Y luego, nos mantenemos en contacto con nuestras familias. Sin apagón de Internet, sin cierre de redes sociales, eso fue una gran sorpresa. No necesariamente tenemos tiempo para llamar a nuestros seres queridos, pero al menos tenemos la posibilidad. Afuera, hubo explosiones regulares, a veces disparadas a varios cientos de metros de la embajada. Incluso en estas condiciones, seguimos trabajando. Por la noche tratábamos de dormir, descansar, pero no era fácil.

Después de cuatro días de detención, organizaste la evacuación de la embajada. Cómo estuvo el viaje

El 28 de febrero, a las 17:30 horas, cayó la orden y la embajada fue evacuada a Lviv, en el oeste de Ucrania, a 70 kilómetros de la frontera con Polonia. El convoy estaba formado por un centenar de personas (otras personas fueron evacuadas), dejadas en unos cincuenta vehículos, nuestros vehículos personales, que eran gestionados por GIGN. Organiza el convoy, el orden de los vehículos y el que da las instrucciones al llegar al puesto de control. Teníamos radios en todos los autos, siempre hablábamos entre nosotros.

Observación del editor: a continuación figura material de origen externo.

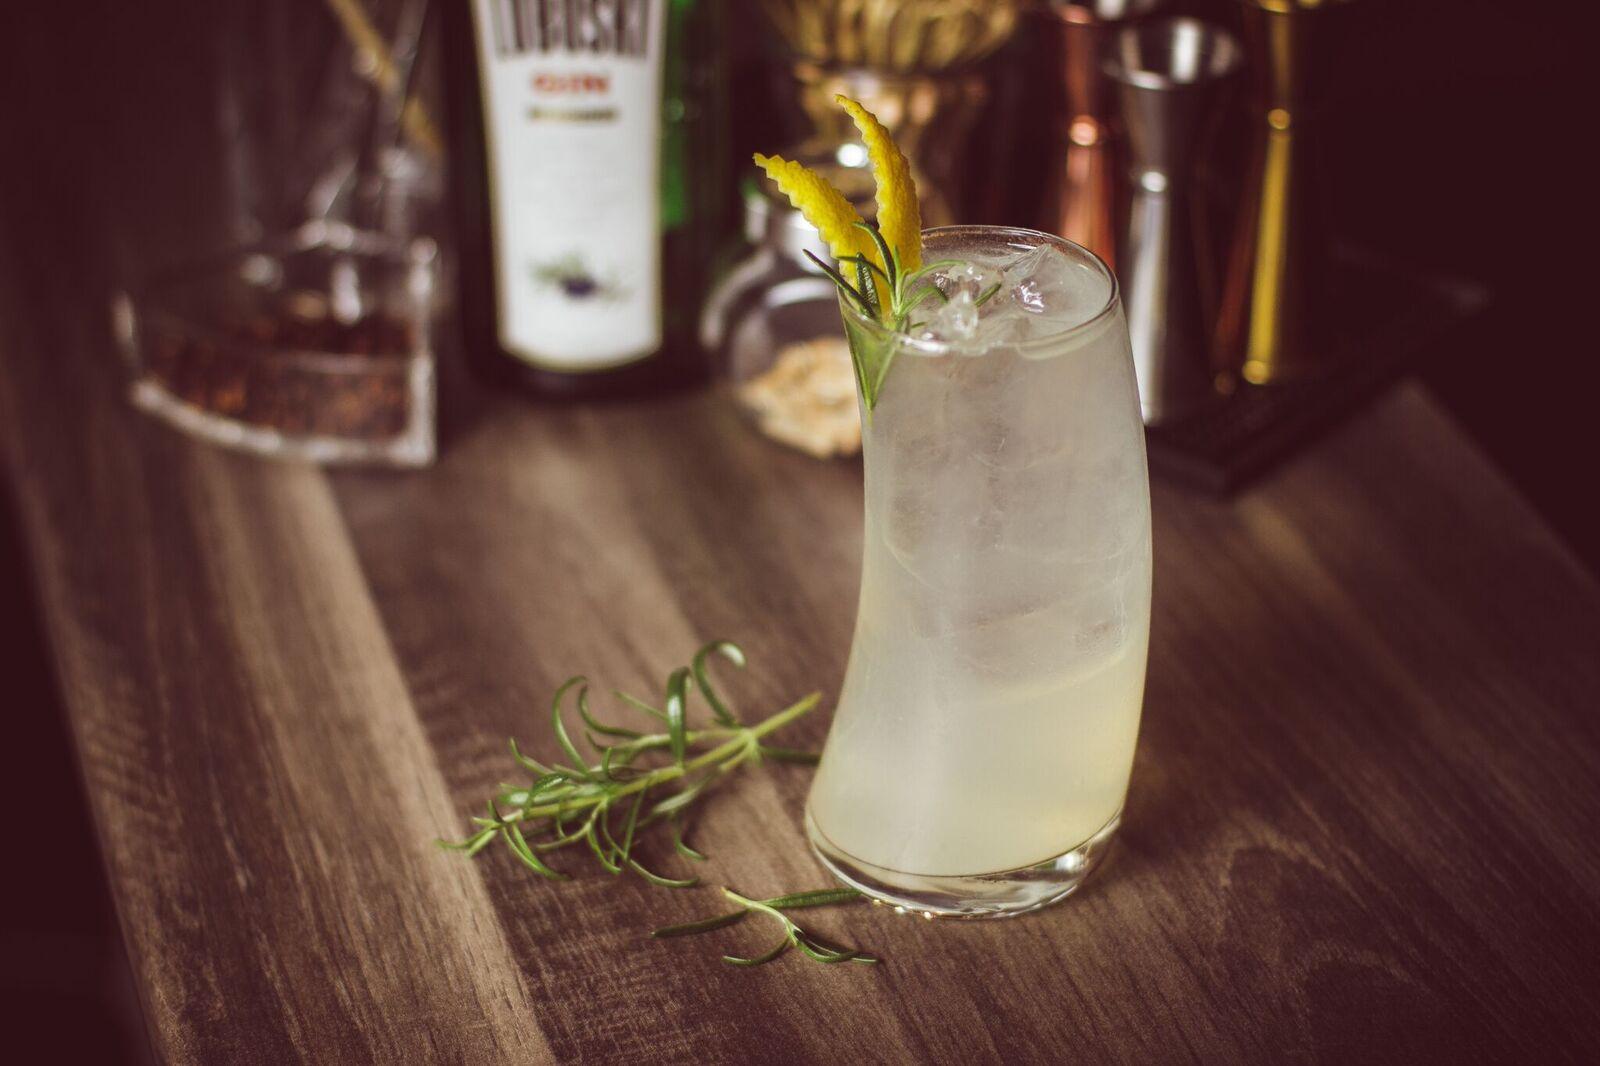 Gin Fizz - cytrusowy, orzeźwiający drink z ginem.

Intentamos en la medida de lo posible poner gendarmes o soldados al volante, pero hay algunos coches que son conducidos por civiles.

Los primeros treinta kilómetros, cuando sales de Kyiv, dan miedo. Los misiles nos hacen volar, oímos disparos de ametralladoras, disparos de armas antiaéreas, los autos tiemblan. En cada puesto de control, los ucranianos dirigen los vehículos de cabeza. El viaje son más de 500 km, tardamos casi 30 horas en recorrerlo.

Algunas de las personas que evacuaron de la embajada regresaron a Francia a través de Rumania. Un pequeño núcleo duro permanece en Lviv para garantizar el funcionamiento de la embajada reubicada.

¿Qué te impresionó más?

Lo más estresante, lo profesional más notable, fue esta evacuación de kyiv a Lviv. Y lo más llamativo fueron los kilómetros de colas de mujeres, niños y ancianos que esperaban pacientemente para cruzar la frontera. Estas son imágenes del éxodo de otra época. Es difícil explicar por lo que pasamos. Esta no es mi primera misión internacional, pero nunca he hecho una misión tan intensa en un contexto como este.

¿Cuál es la situación en Kyiv ahora?

Bastante silencioso. La embajada fue trasladada a su edificio original en Kyiv el 16 de abril. Estamos fuera de los bombardeos. La vida es casi normal, hay gente caminando por la calle, las tiendas están abiertas.

Pero habiendo conocido Kyiv antes de la guerra, falta algo, el entorno ha cambiado. Todo el mundo se pregunta cómo serán los próximos meses. Habrá que esperar a ver cómo transcurre el invierno, tanto en lo militar, en el cambio de condiciones climáticas, como en lo energético. Creo que estamos en una guerra que durará.